Иван Лукич положил перед Саввой Петровичем кулек с пряниками. Небольшое помещение наполнилось приятным мятным ароматом. Савва Петрович взял пряник и надкусил.
– Свежие, – подтвердил он, помахав надкусанным пряником, – точно не жамачи, молодец внучка твоя, ай молодец! – нахваливал Савва Петрович то ли внучку, то ли пряники, потом откусил пряник еще раз, глотнул чаю и не спеша прожевал, лицо его выразило полное удовлетворение.
Савва Петрович явно не спешил с рассказом. Однако все же начал, но начал издалека.
– Ты, Иван Лукич, знаешь, что такое БУР на зоне?

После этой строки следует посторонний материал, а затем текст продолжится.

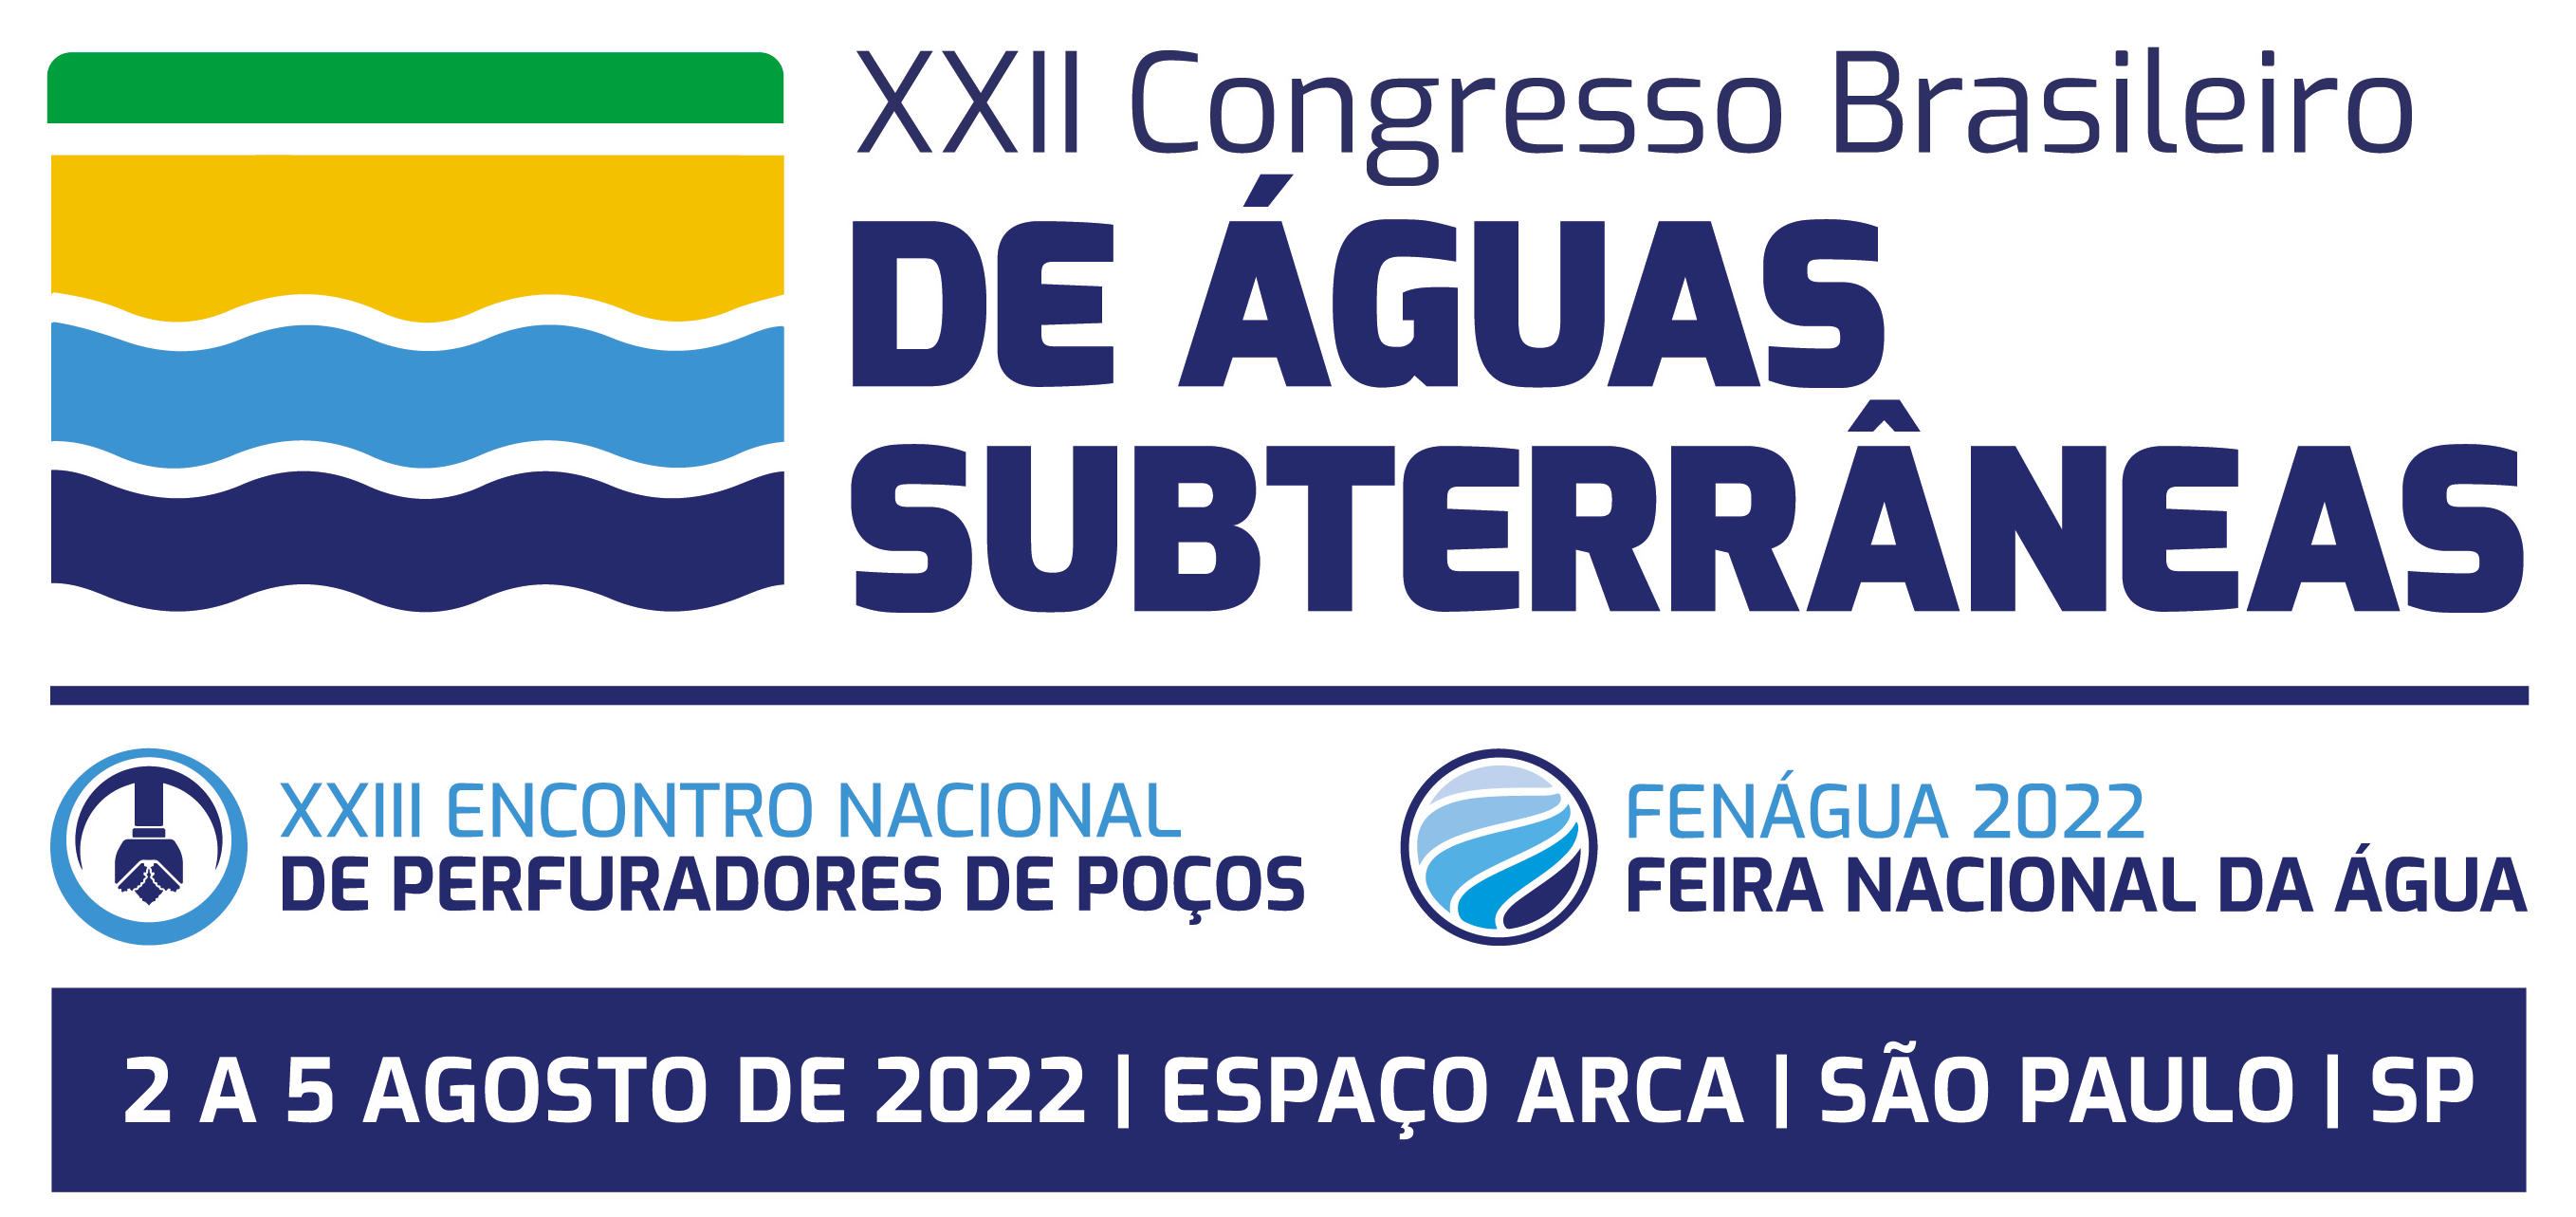 Congresso Brasileiro de Águas Subterrâneas, XXIII Encontro Nacional de Perfuradores de Poços e FENÁGUA 2022

– Ну, чего-то такое слышал, а что?
– Понятно, – хмыкнул Савва Петрович, – «чего-то такое слышал», – передразнил он собеседника. – БУР, уважаемый Иван Лукич, это, чтоб ты знал, барак усиленного режима, так сказать, тюрьма в тюрьме для осужденных, которые злостно нарушают режим, ну и, понятное дело, условия содержания в БУРе пожестче, не карцер, конечно, но тоже не забалуешь. Тем не менее осужденные, которые сидят в БУРе, могут отовариваться в ларьке на заработанные деньги, как и остальные.
– А жамачи твои тут при чем? – поинтересовался Иван Лукич.

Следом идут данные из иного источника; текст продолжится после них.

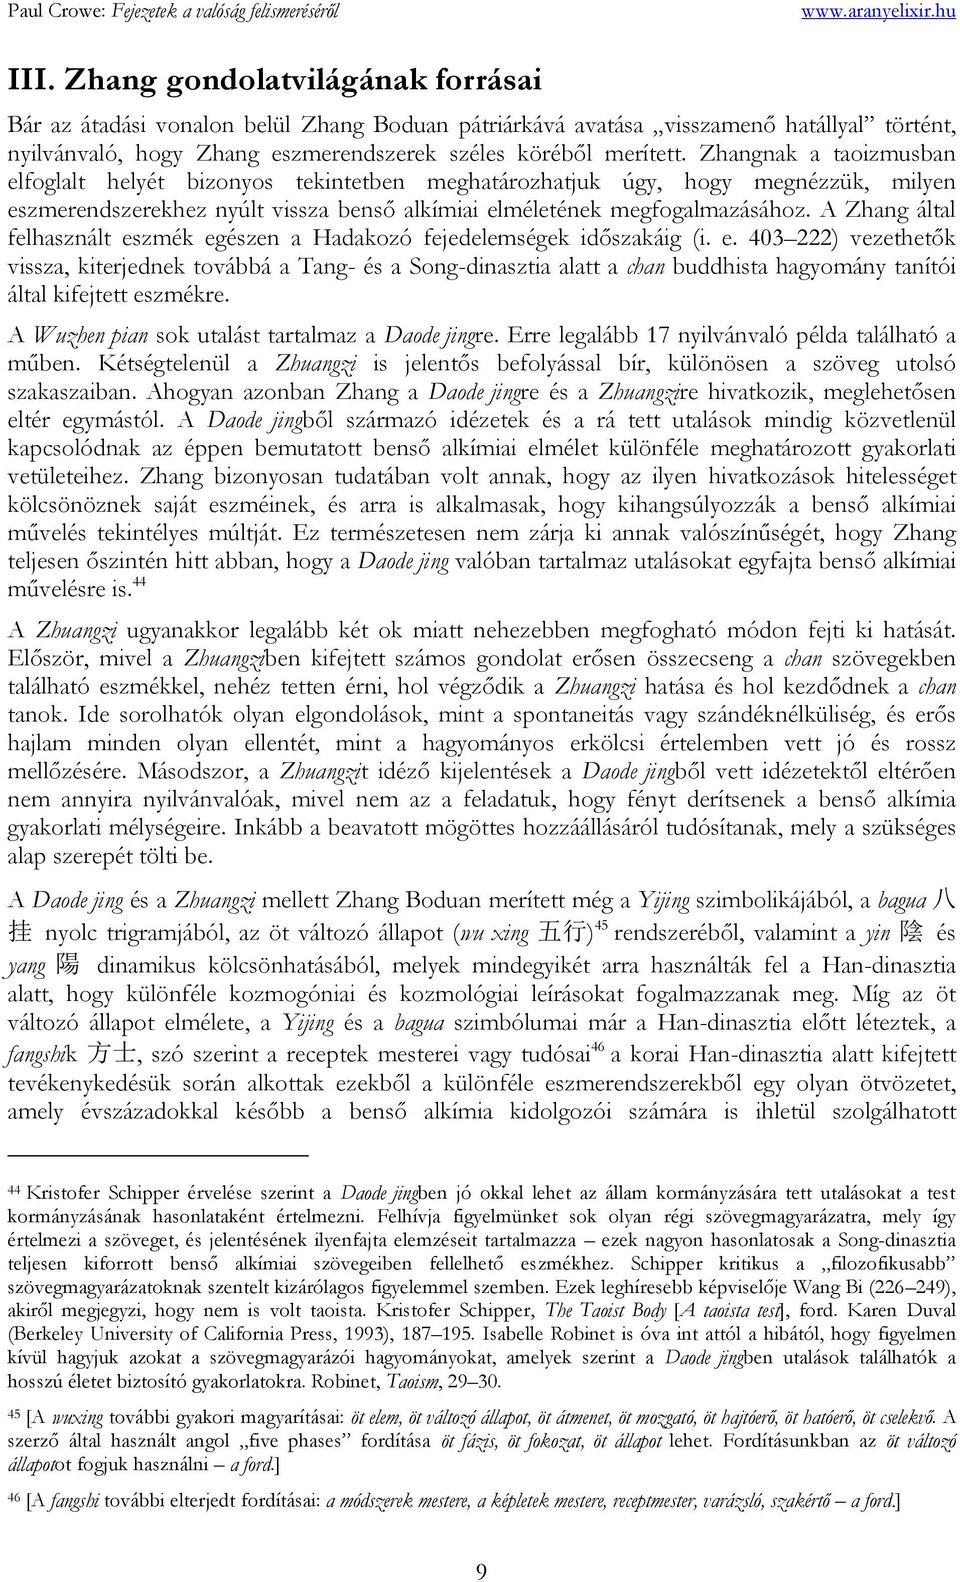 A Zhang által felhasznált eszmék egészen a Hadakozó fejedelemségek időszakáig (i. e. 403 222) vezethetők vissza, kiterjednek továbbá a Tang- és a Song-dinasztia alatt a chan buddhista hagyomány tanítói által kifejtett eszmékre.

– Да ты слушай и не перебивай, – незло осадил его Савва Петрович. – И вот администрация колоний завозила в лагерные ларьки пряники, списанные на вольных складах. Пряники были жесткими и, честно говоря, – Савва Петрович взял из кулька еще один свежий пряник, откусил и, жуя, продолжил, чуть понизив голос, – совершенно непригодными к употреблению в пищу, реальный камень. Вот такие пряники и назывались на зоне «жамачи», – закончил он, дожевав пряник.
– А для чего же они так делали, это же полное безобразие, кормить людей списанными пряниками! – возмутился Иван Лукич.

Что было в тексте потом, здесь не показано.